Цель стихотворения “Пир Петра Первого”
Творческая история стихотворения отсутствует – никто из предлагавших интерпретацию “Пира” не считал нужным заниматься ею. Не установлено и точное время его написания. Исследователи предпочитают свои суждения подкреплять догадками.
В академическом собрании сочинений комментаторы этого стихотворения указывали, что его следует датировать, исходя из пометки поэта на автографе, 1835 годом. От себя они вносили уточнение: “предположительно – сентябрем – декабрем”. Почему названы именно эти месяцы?
Комментаторы не дают
В таком плане ведет рассказ о времени и причинах создания этого стихотворения Н. В. Измайлов. Цель стихотворения, считает он, призыв к Николаю 1, со ссылкой на пример Петра I, “быть великодушным к побежденным врагам – декабристам”. Соответственно определяется и время его написания – “в конце 1835 г., когда в связи с десятилетием восшествия Николая на престол (иными словами – с десятилетием восстания 14 декабря) можно было, казалось, ожидать амнистии декабристам”.
Предположение это не было проверено ни автором гипотезы, ни последующими исследователями. В то же время
Предположение это более чем странное – с какой это стати царь будет отмечать десятилетие приговора над мятежниками? Какие основания приписывать Пушкину подобные убеждения?
В действительности все было иначе, факты опровергают догадки и домыслы. Ожидавшаяся амнистия была проявлена, о чем и было объявлено в указе, датированном 14 декабря 1835 года. Об этом указе знали и декабристы-каторжане, и их родные и близкие, знало общество, знал Пушкин – указ был опубликован в газетах. Естественно, что Пушкин, как все русские люди, ждал этого указа и прочел его с необыкновенным волнением.
Складывалась беспримерная для России политическая ситуация – в день десятилетия своего царствования Николай I как бы держал своеобразный экзамен перед Россией, перед русским обществом. Экзамен на мудрость самодержца, на человечность, на способность понимать требования общества (а к 1835 году довольно открыто обсуждалась практическая и политическая необходимость амнистии декабристов), на милосердие монарха, ознаменовавшего свое восшествие на царство дикой расправой с лучшими сынами отечества.
Выдержал ли этот экзамен Николай I? Как отнесся к этому указу Пушкин? Как он оценил проявленную в указе милость к декабристам? Как соотносится с этим указом Николая I стихотворение “Пир Петра Первого”?
Все эти и многие другие вопросы, связанные с пониманием смысла стихотворения, цели и времени написания и позднейшей публикации встают перед нами именно теперь.
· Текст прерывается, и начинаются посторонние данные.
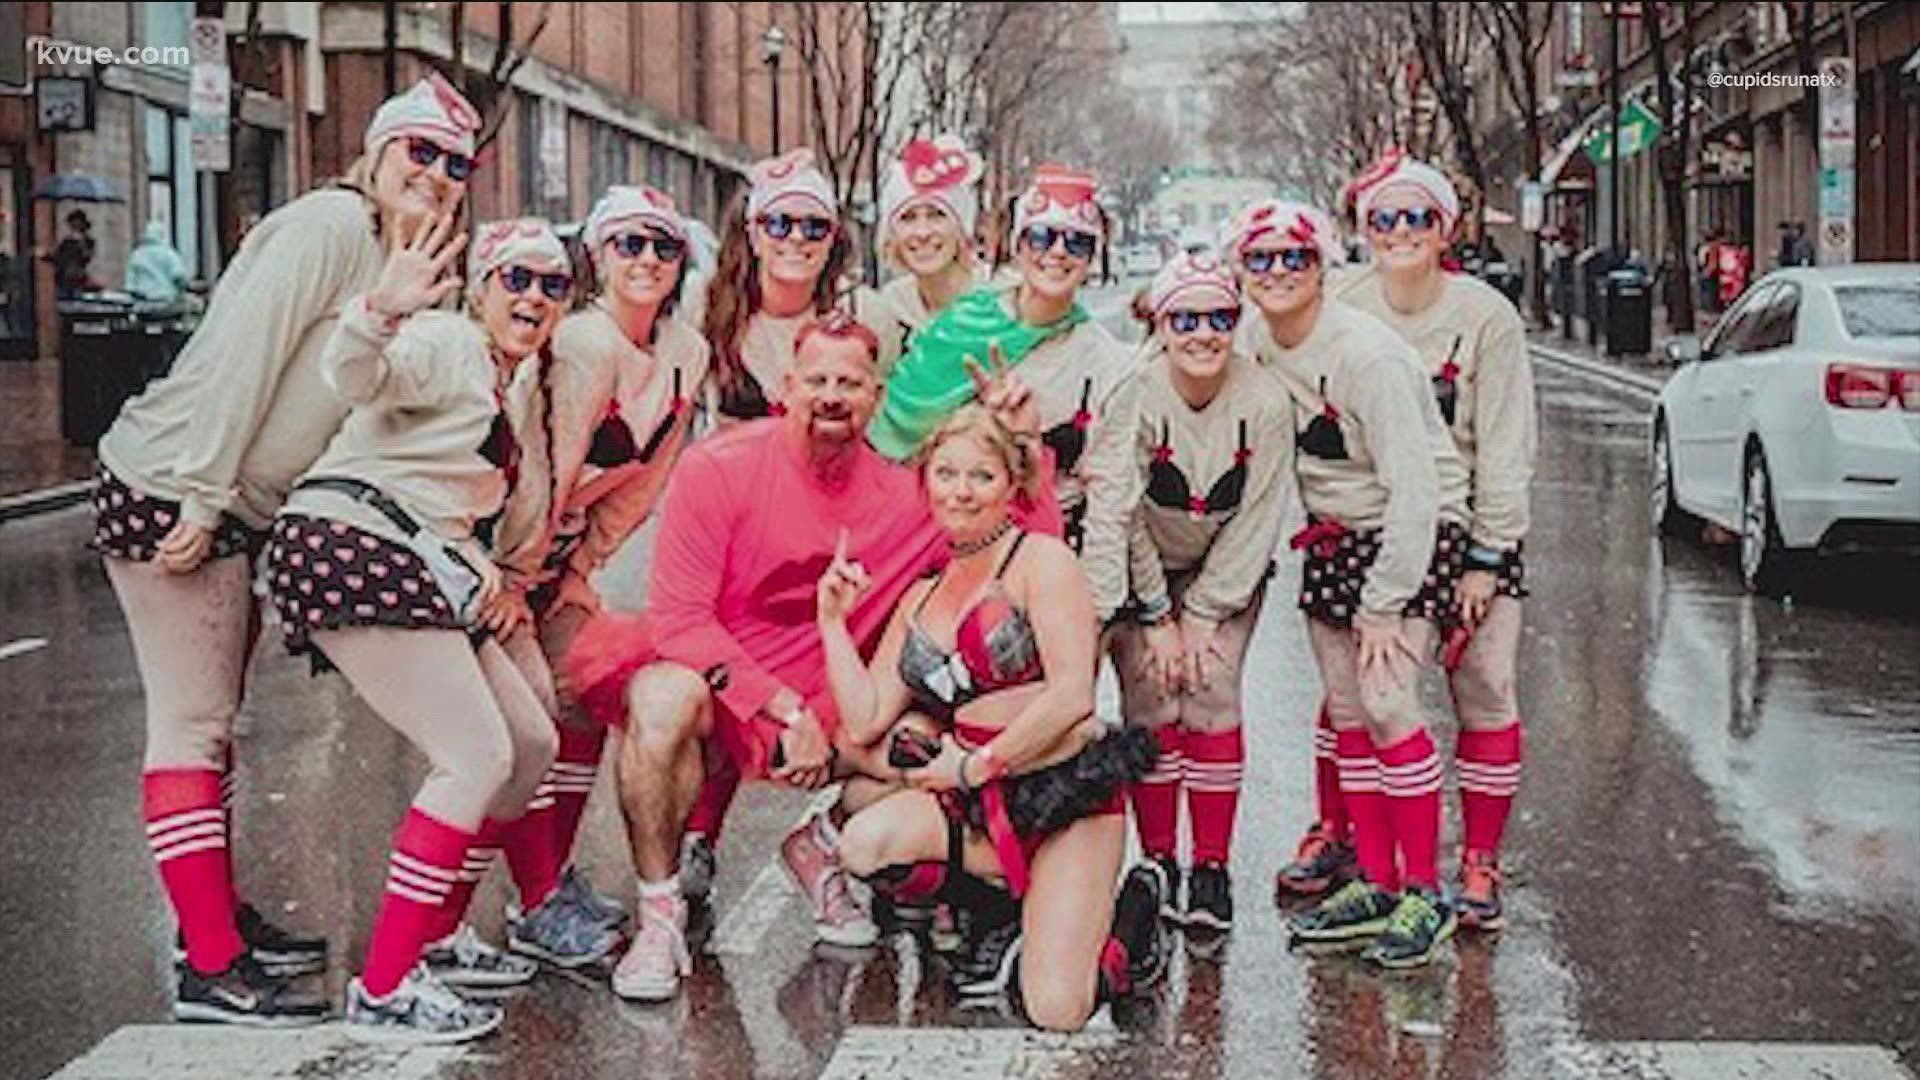 The pantless party run raises funds and awareness for neurofibromatosis, a genetic disorder that causes tumors to grow on nerve's through the body.

Прежнее истолкование “Пира” решительно подрывается содержанием указа от 14 декабря 1835 года, В самом деле, если Пушкин верил Николаю I, то почему, спрашивается, написав призыв о милости, он не напечатал его? Ведь написание стихотворения датируют сентябрем – декабрем 1835 года. Призывал, а призыва не напечатал – зачем же навязывать Пушкину подобную нелепую позицию?
Еще более странным выглядит объяснение причин публикации “Пира” в апреле 1836 года – Пушкин призывает императора к милости через четыре месяца после ее торжественного объявления! Если, как утверждают многие исследователи, Пушкин верил Николаю I, верил в его милость, то после указа от 14 декабря 1835 года поэт должен был не призыв печатать, а поэтический акафист августейшему милостивцу. Но Пушкин почему-то этого не сделал, а напечатал “Пир Петра Первого”.
Что же тогда значило это стихотворение, в чем его гражданский смысл, как оно по-новому формулировало отношение Пушкина к царю?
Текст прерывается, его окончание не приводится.